Election day jammed California citizens into an untenable position: Proposition 57 releases violent criminals for budgetary reasons, while Proposition 63 drastically restricts residents’ ability to defend themselves.
This feature appears in the January ‘17 issue of NRA America’s 1st Freedom, one of the official journals of the National Rifle Association.
Last November, the American electorate stunned the press and coastal elites when we chose Donald Trump as our 45th president. While half the country celebrated the conservative sweep of the federal government—and Trump signaled his desire to represent people of all political stripes to truly make America stronger—citizens in some areas of our nation actually became more vulnerable.
In particular, Californians face a bleaker and more dangerous future with the passage of ill-advised state ballot initiatives—two of which will likely work in tandem to increase crime rates and endanger law-abiding citizens, according to law enforcement officials.
The first—Proposition 57, authored by Gov.
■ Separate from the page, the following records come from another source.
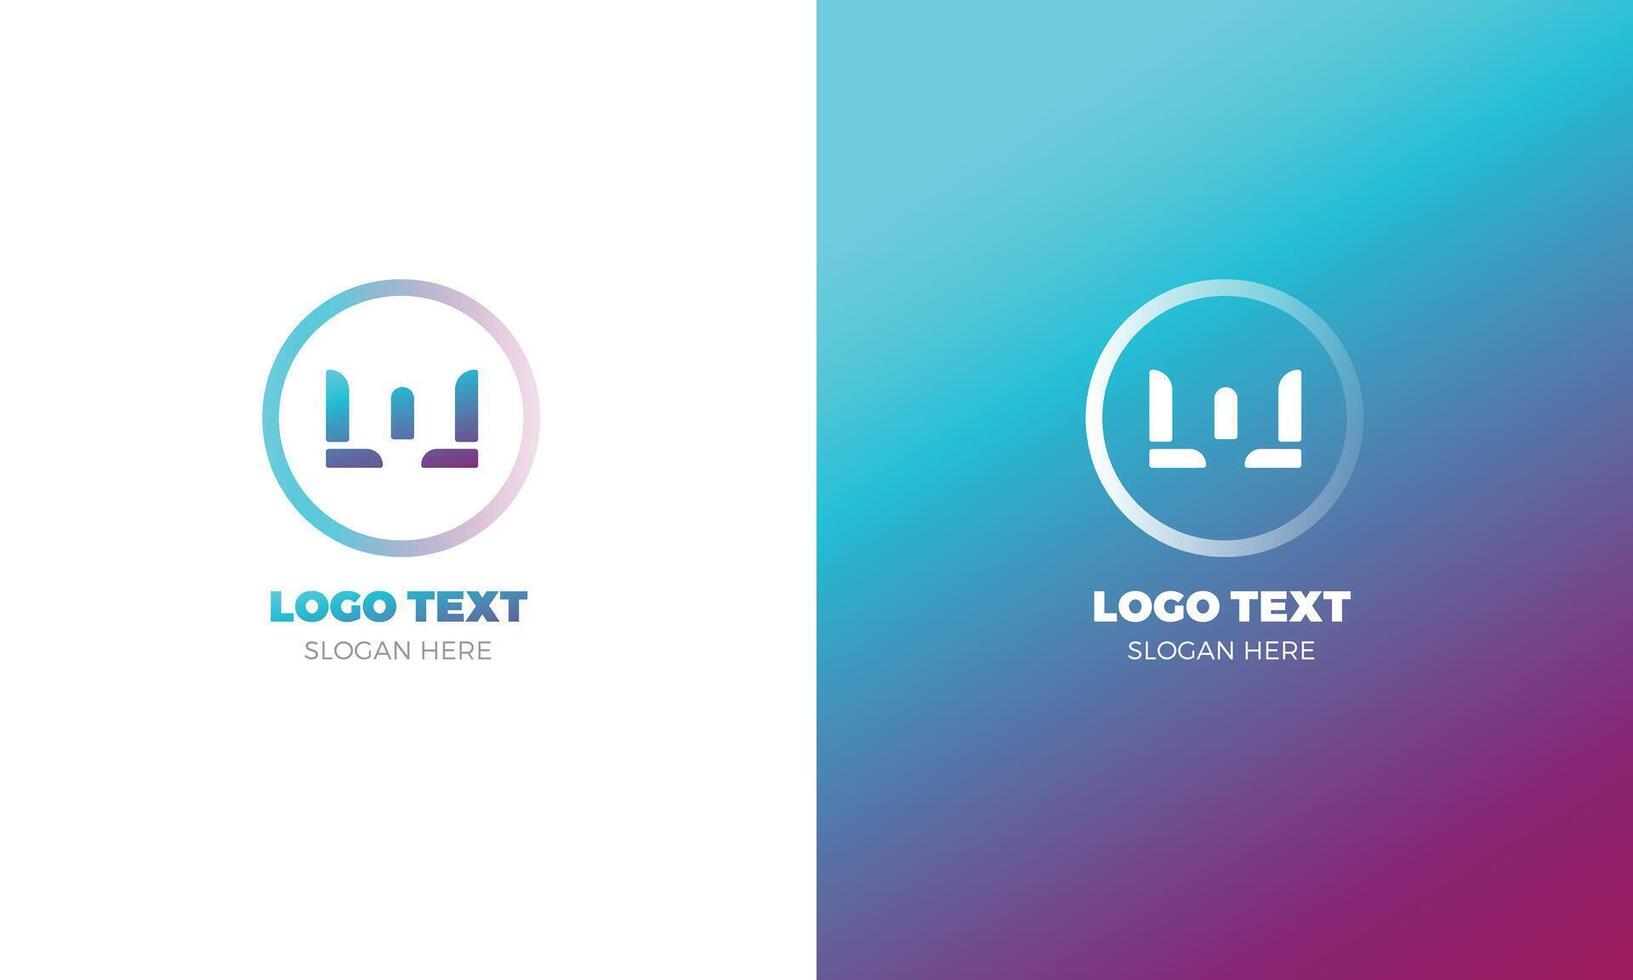 o negócio branding identidade corporativo vetor logotipo carta W Projeto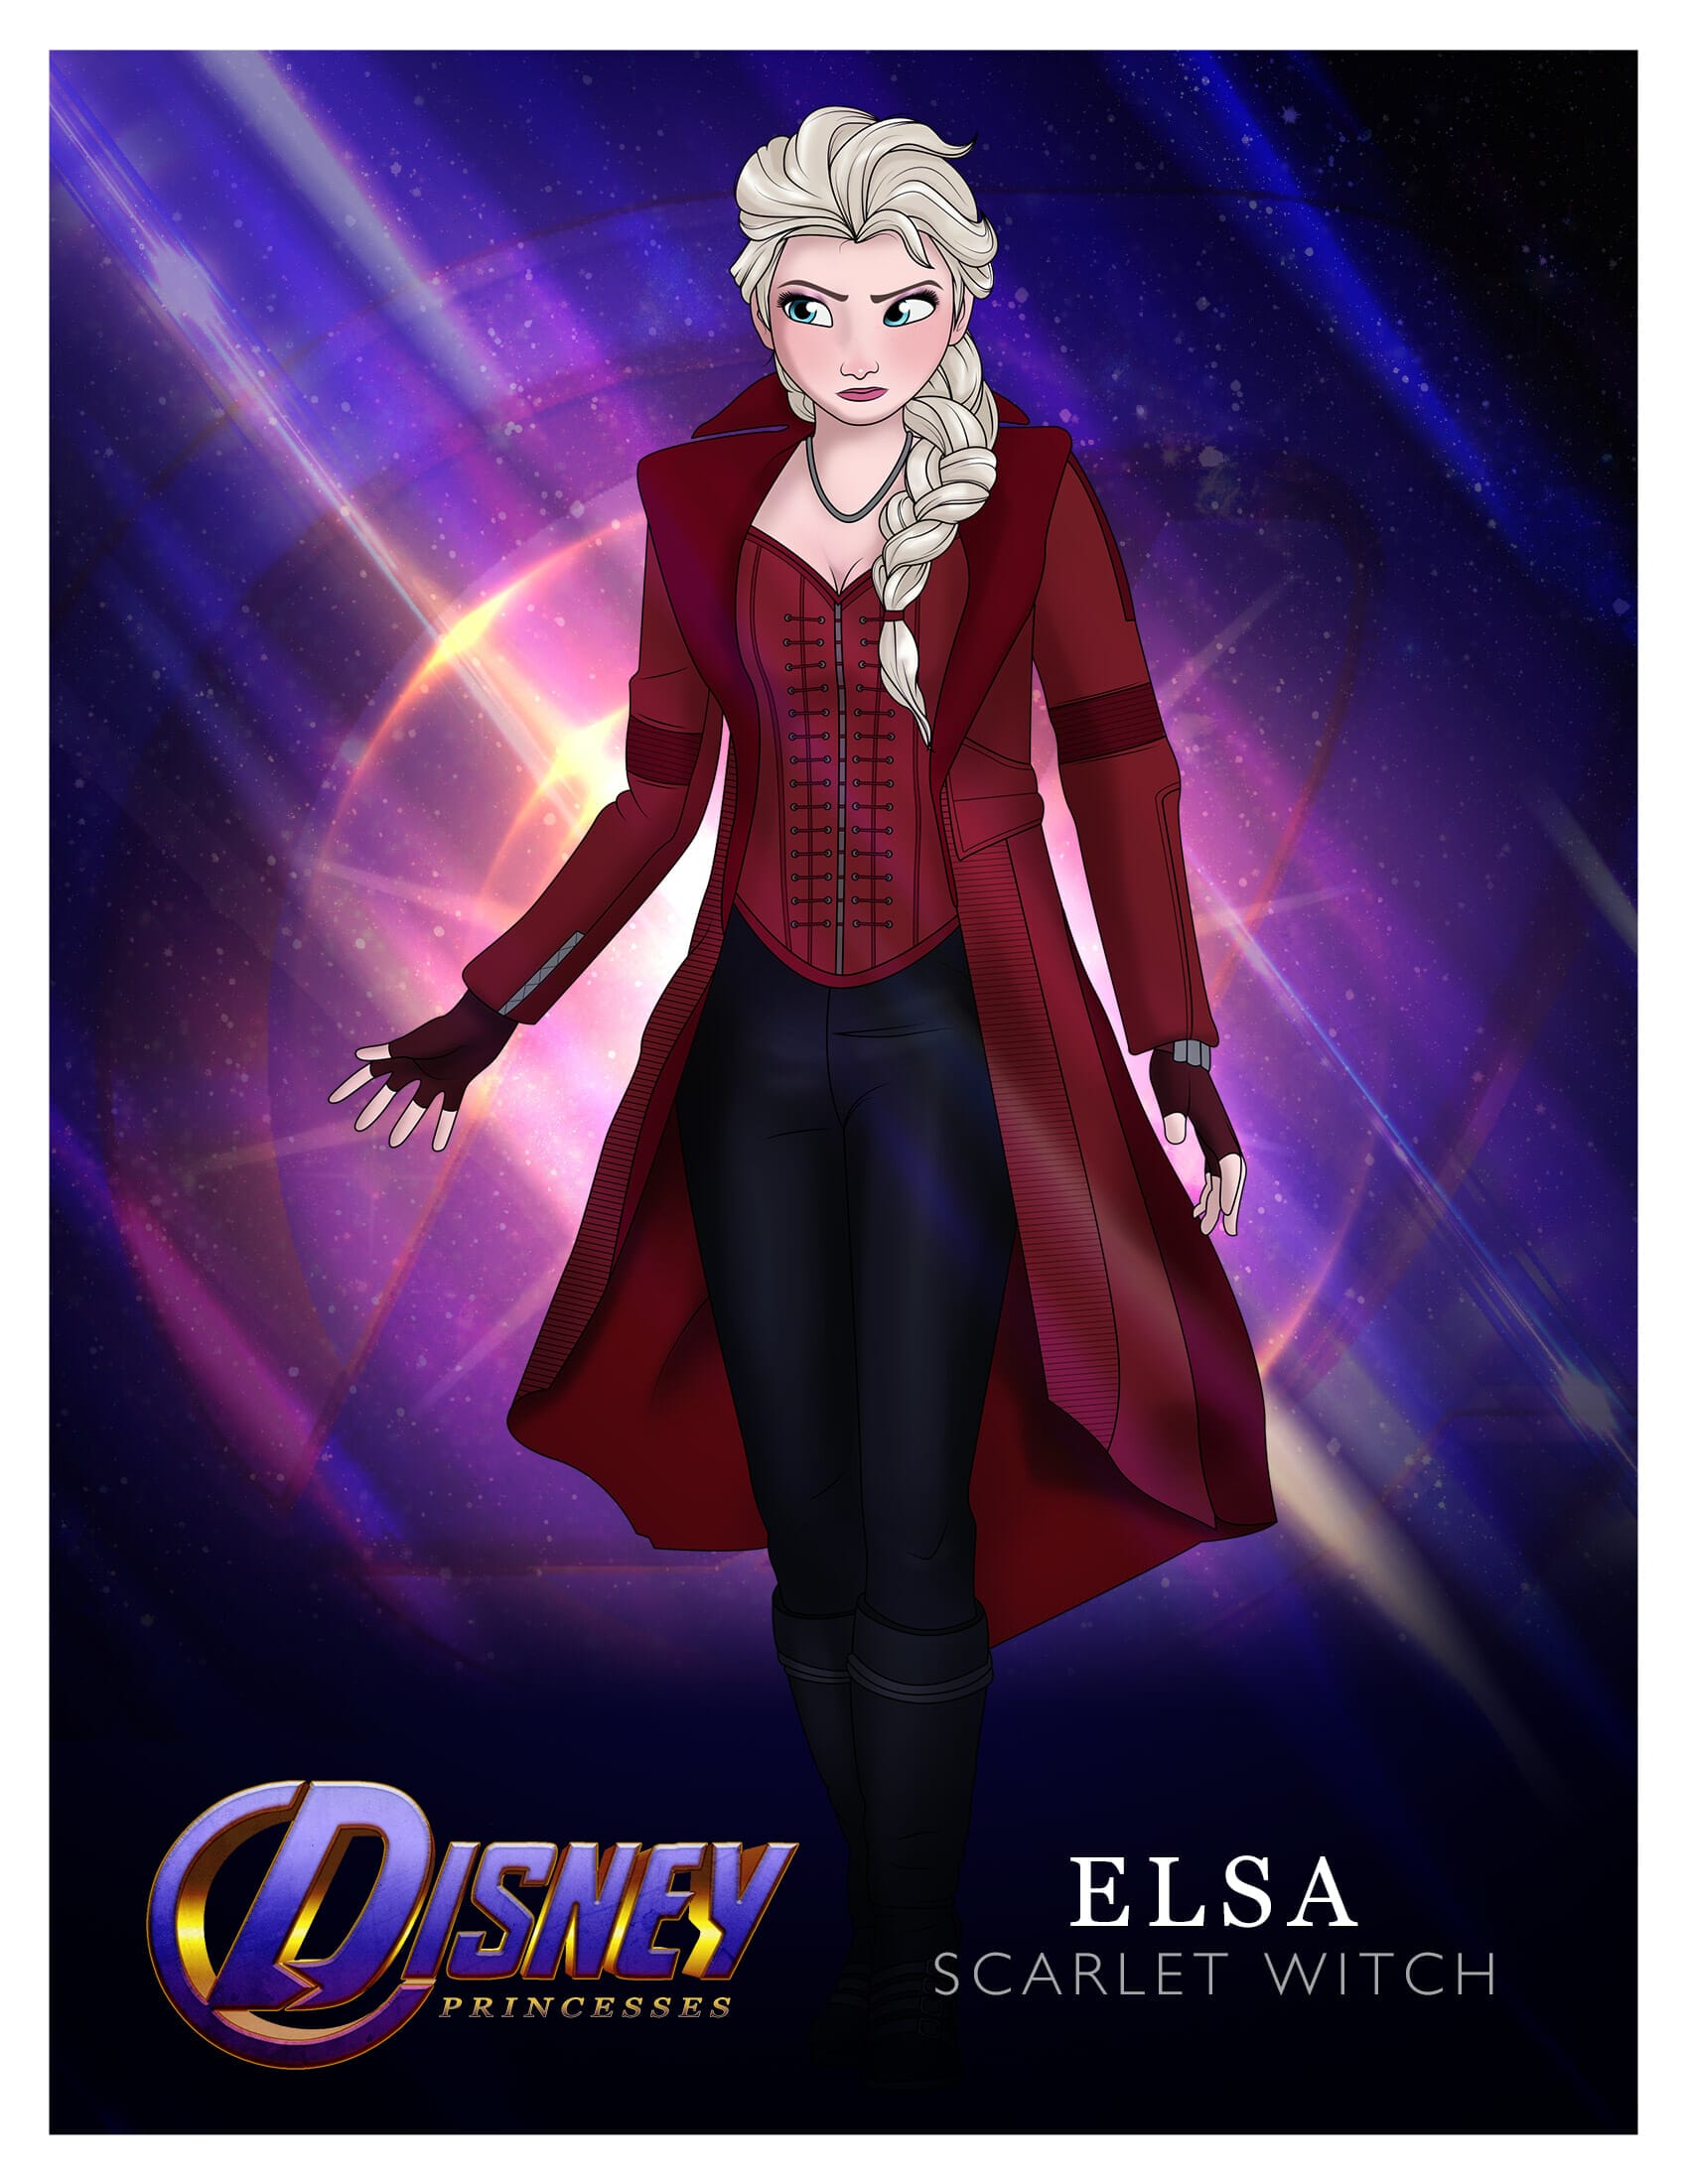 Princess Elsa as Scarlet Witch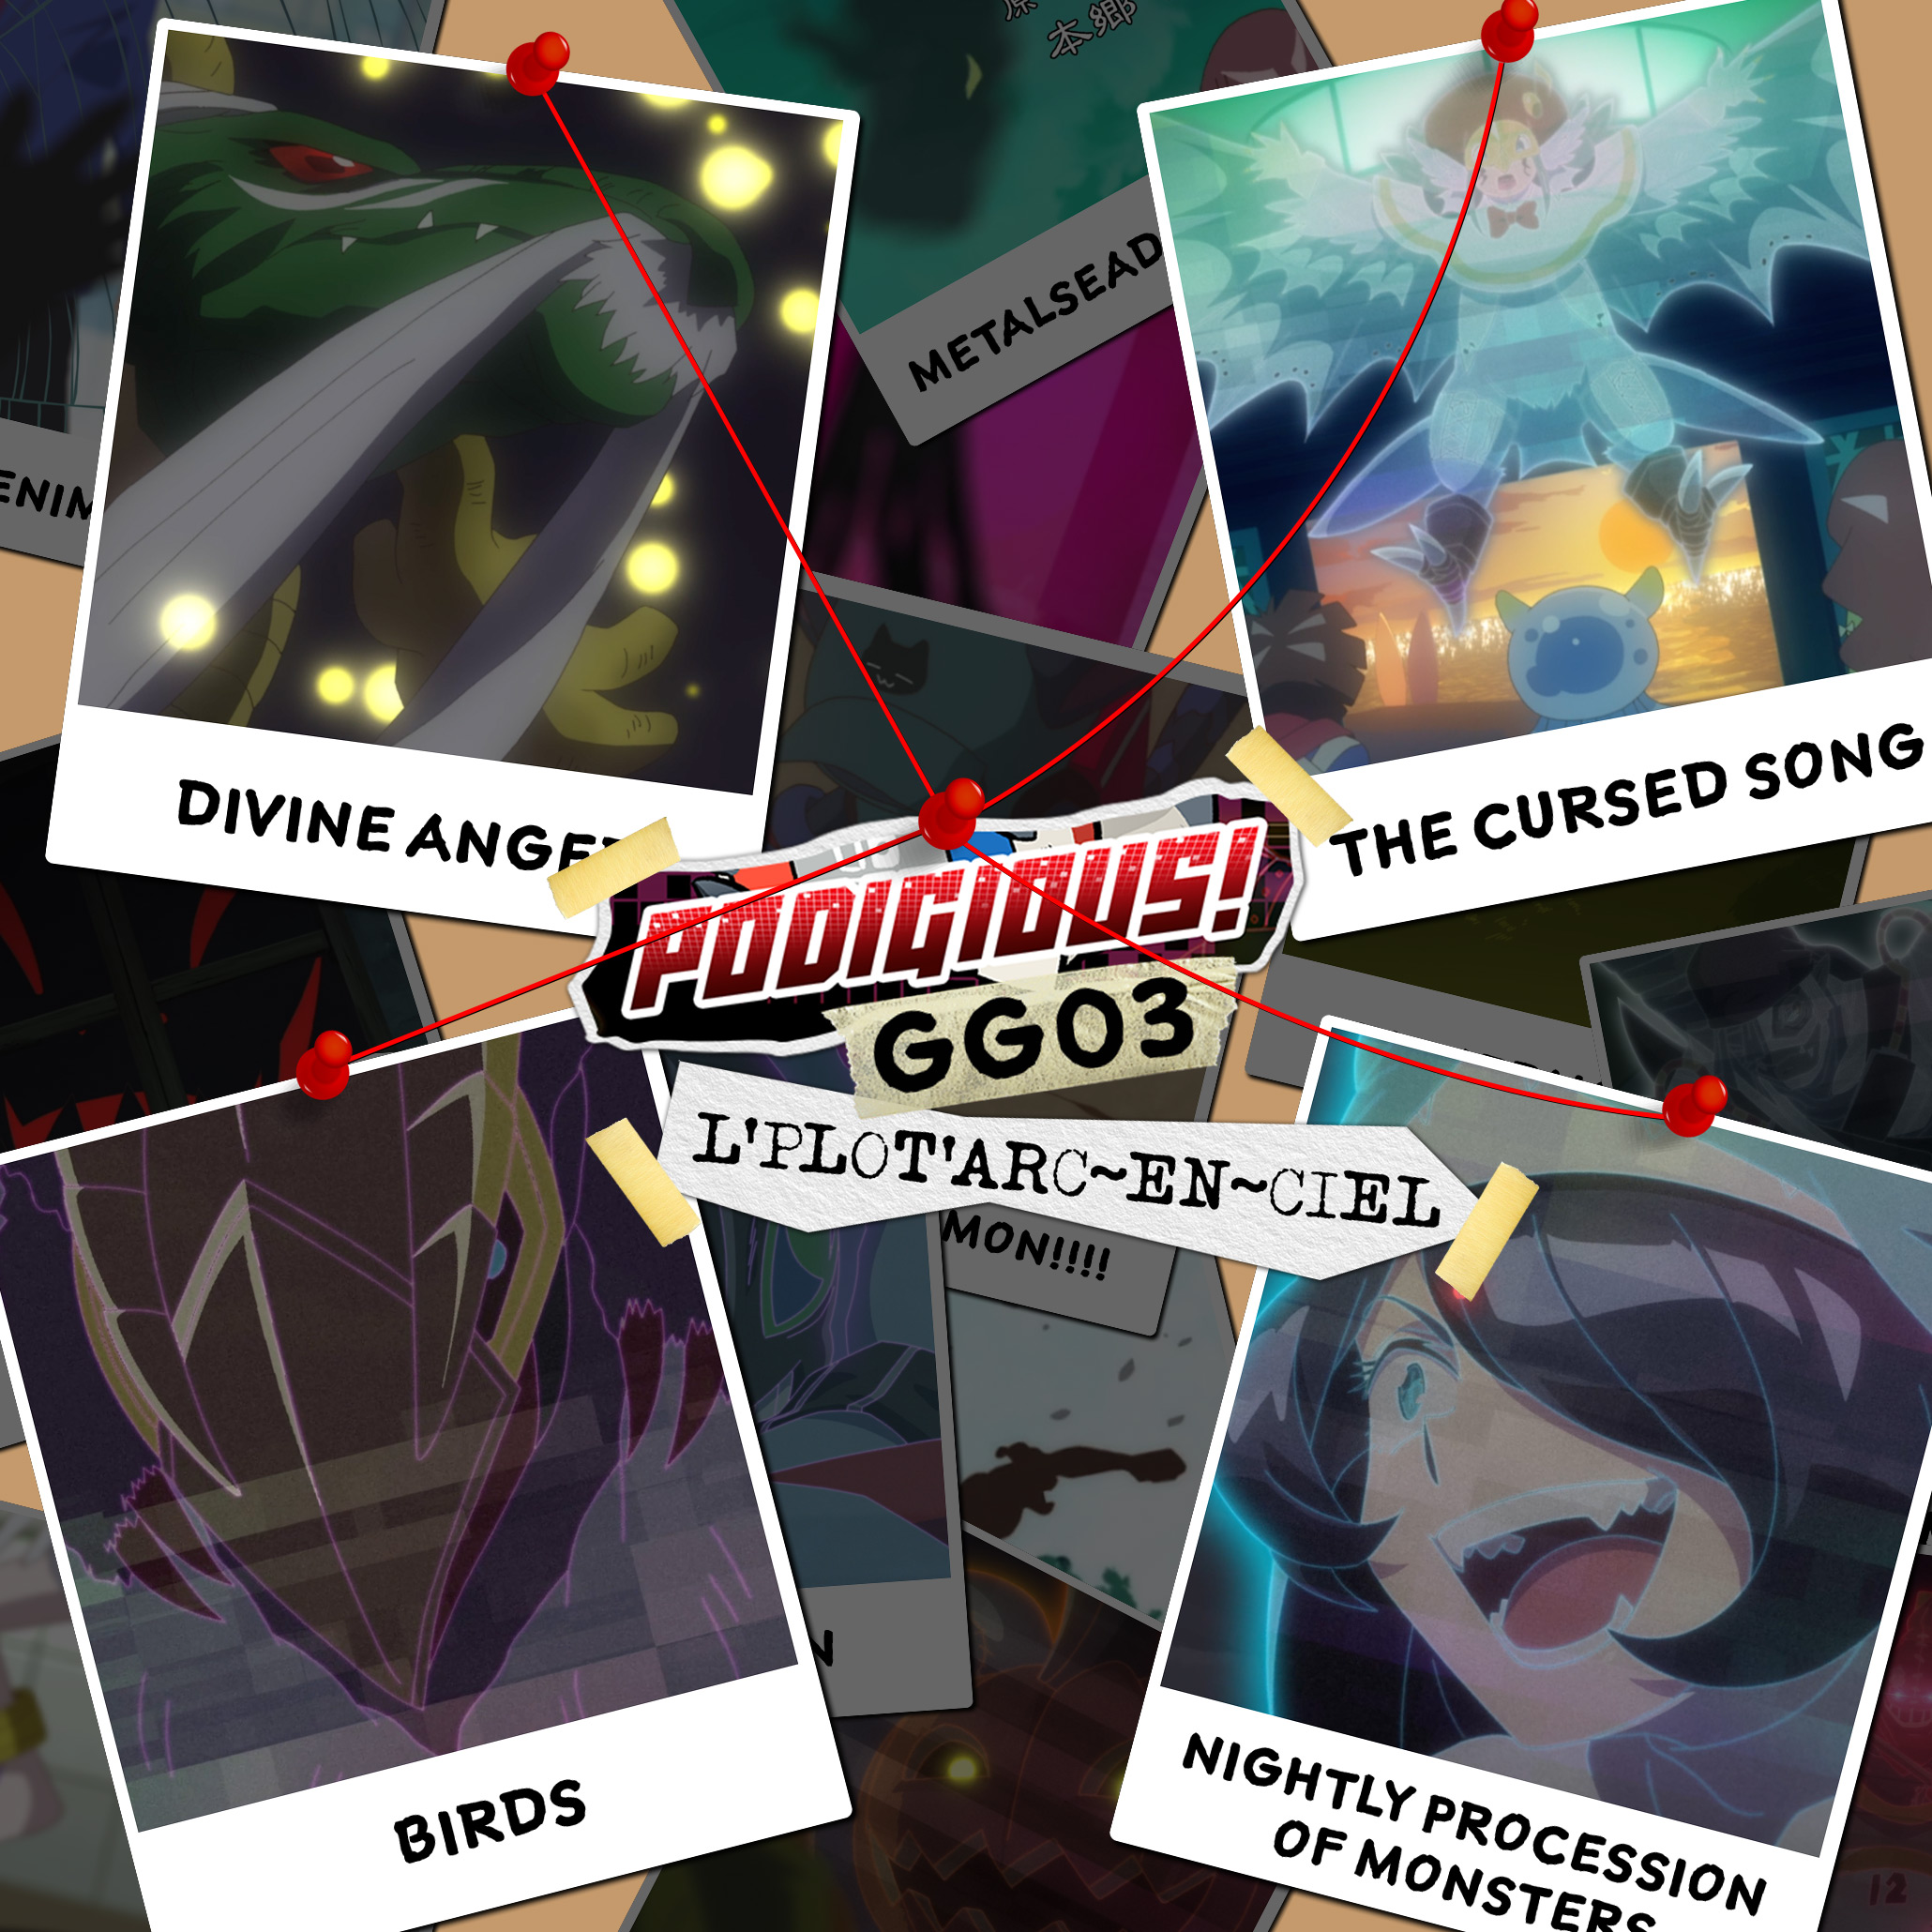 Podigious! Digimon Adventure 2020 Episode 67 “The End of the Adventure”

Jerry Brown—seems at first blush to reveal a seemingly logical, practical and even kind-hearted change intended to slow the ballooning prison population of “non-violent” offenders by reducing their sentences for good behavior. According to the voter guide, the initiative was endorsed by “California public safety leaders and victims of crime.” The language is nebulous, to be sure, but is worded so as to inspire a typical voter to simply trust those presumably authoritative “leaders” or heart-wrenching “victims” and vote “Yes.”